Trauma Surgery and Treatment
What is Trauma Surgery and Treatment?
Trauma surgery is a surgical speciality that treats traumatic injuries in an emergency setting, employing both operative and non-operative therapy. This procedure is employed when a life-threatening injury such as road accidents, severe sports injuries, gunshot or knife wounds, or a sudden fall from an extreme height is diagnosed.
Trauma surgery is a high-intensity, quick-response procedure with little time for the lengthy discussions that are frequent in medical consultations. In trauma surgery, every second counts, therefore surgeons must be educated to make quick decisions and work under pressure.
How do we handle patients with this condition?
Patients are quickly assessed when they arrive at the emergency room to identify the severity of their injuries and which are the most harmful to function and life. If emergency surgery is not essential to save the patient’s life, the foremost priorities before surgery are resuscitation and stabilisation. After that, surgical treatment is given.
To establish the severity of injuries, radiographic X-rays and CT scans, as well as MRIs, are used. These devices allow the surgeon to detect interior organ damage and haemorrhaging. Trauma surgeons also collaborate closely with emergency personnel in the patient’s resuscitation and stabilisation procedures.
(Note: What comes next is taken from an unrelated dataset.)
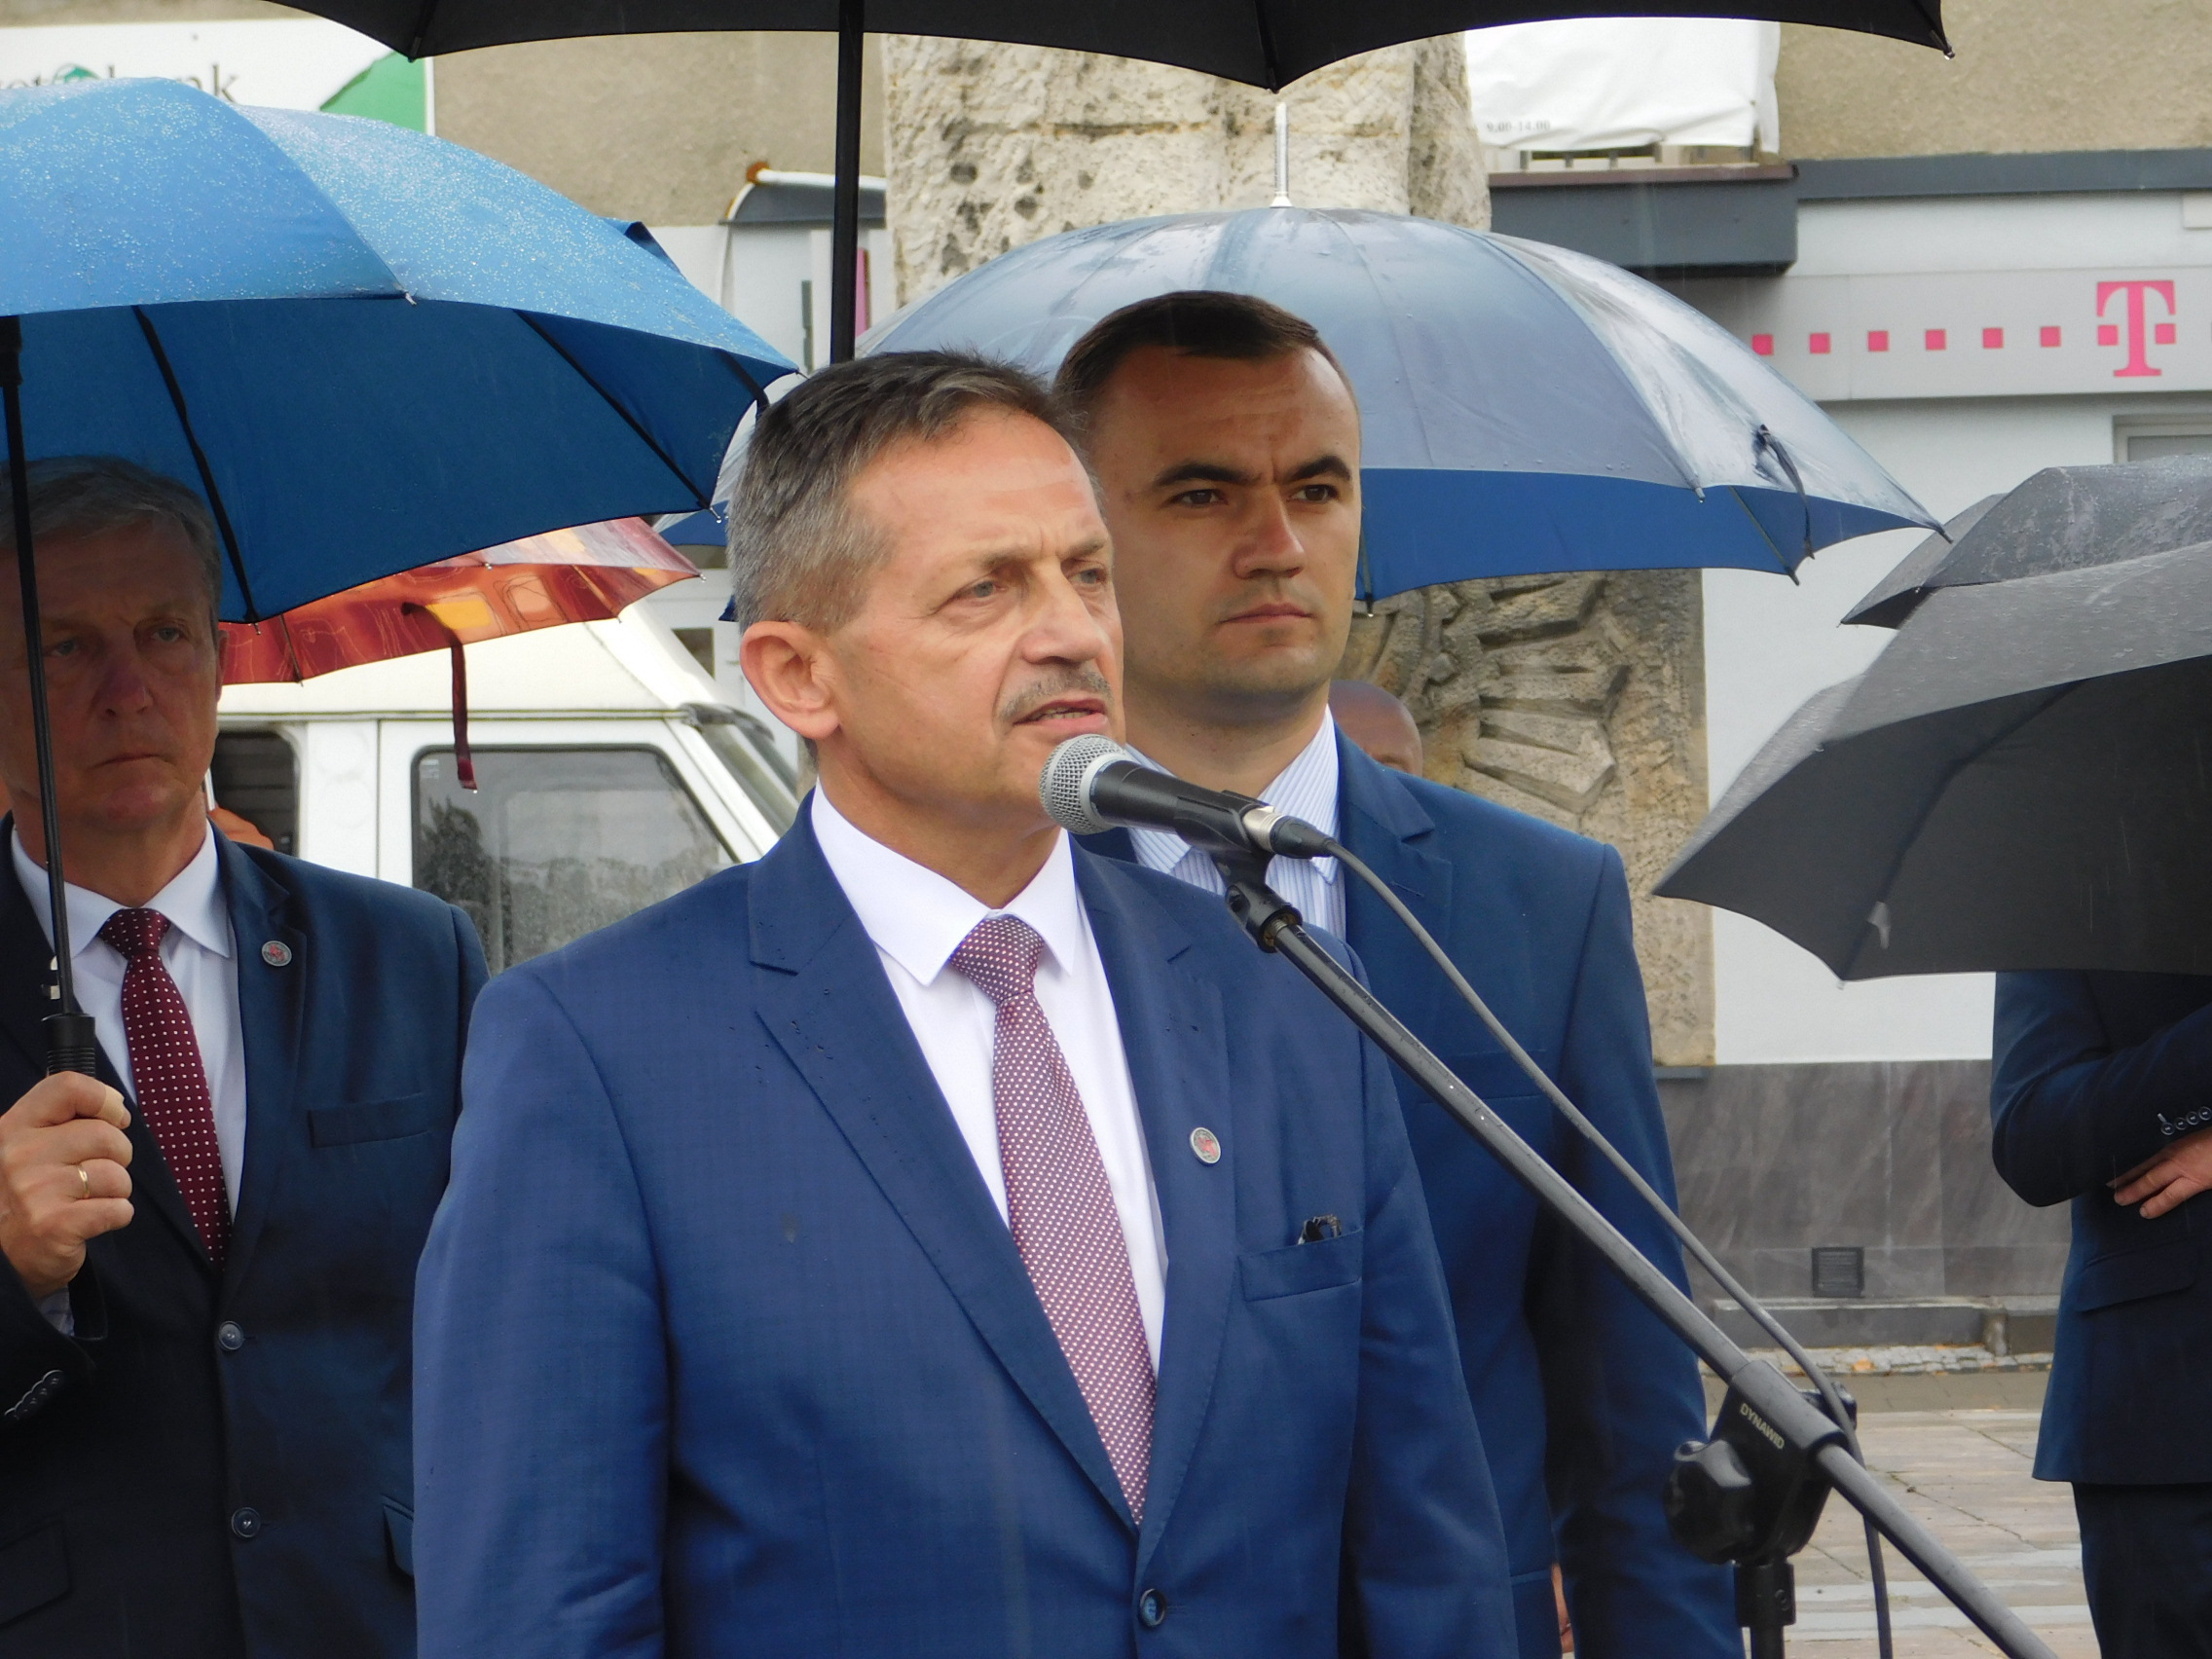 Burmistrz Radzynia przebywa na kwarantannie  - Zdjęcie główne

The main concerns during initial trauma surgery operations are airway patency, respiration, blood circulation, and the use of essential medicines. At the time of admission, triage care examines routine facts such as the patient’s vital signs, age, and history of pre-existing disorders. Laboratory procedures, such as blood testing, may be required, as well as intravenous access lines and monitoring devices for vital signs.
Why is urgency important?
Trauma surgery is often a matter of life or death. The likelihood grows with the severity of the damage and the facility’s failure to manage the emergency and stabilise the patient.
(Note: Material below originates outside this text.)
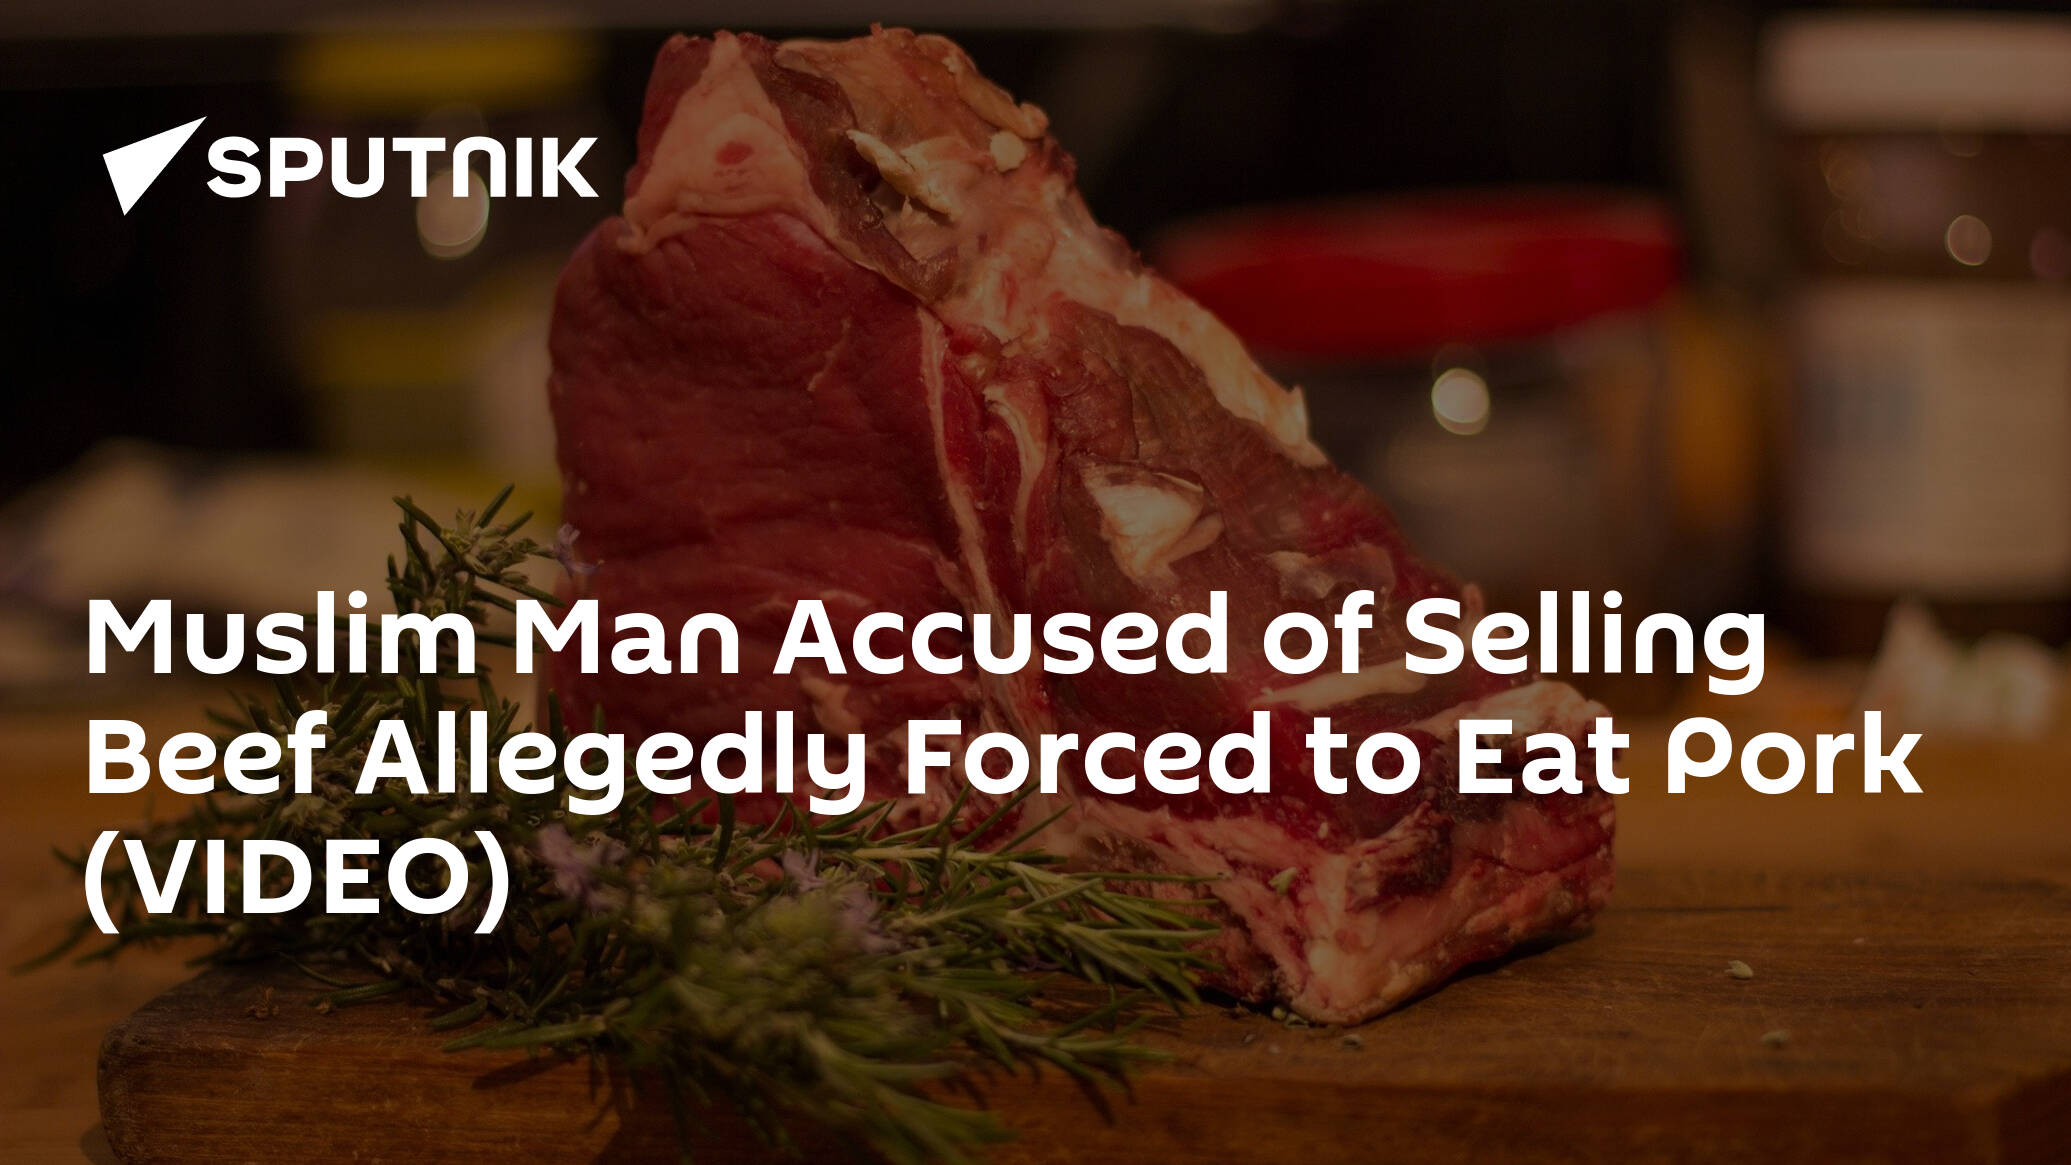 Muslim Man Accused Of Selling Beef Allegedly Forced To Eat Pork Video 09042019 Sputnik

Failure to perform trauma surgery as soon as possible in circumstances when it is necessary may result in a variety of long-term issues, including, but not limited to, internal organ damage, limb amputation, and neurological abnormalities, and loss of organ function. Fortunately, developments in medicine and technology over the last several decades have allowed for a better understanding of the events that cause morbidity and mortality.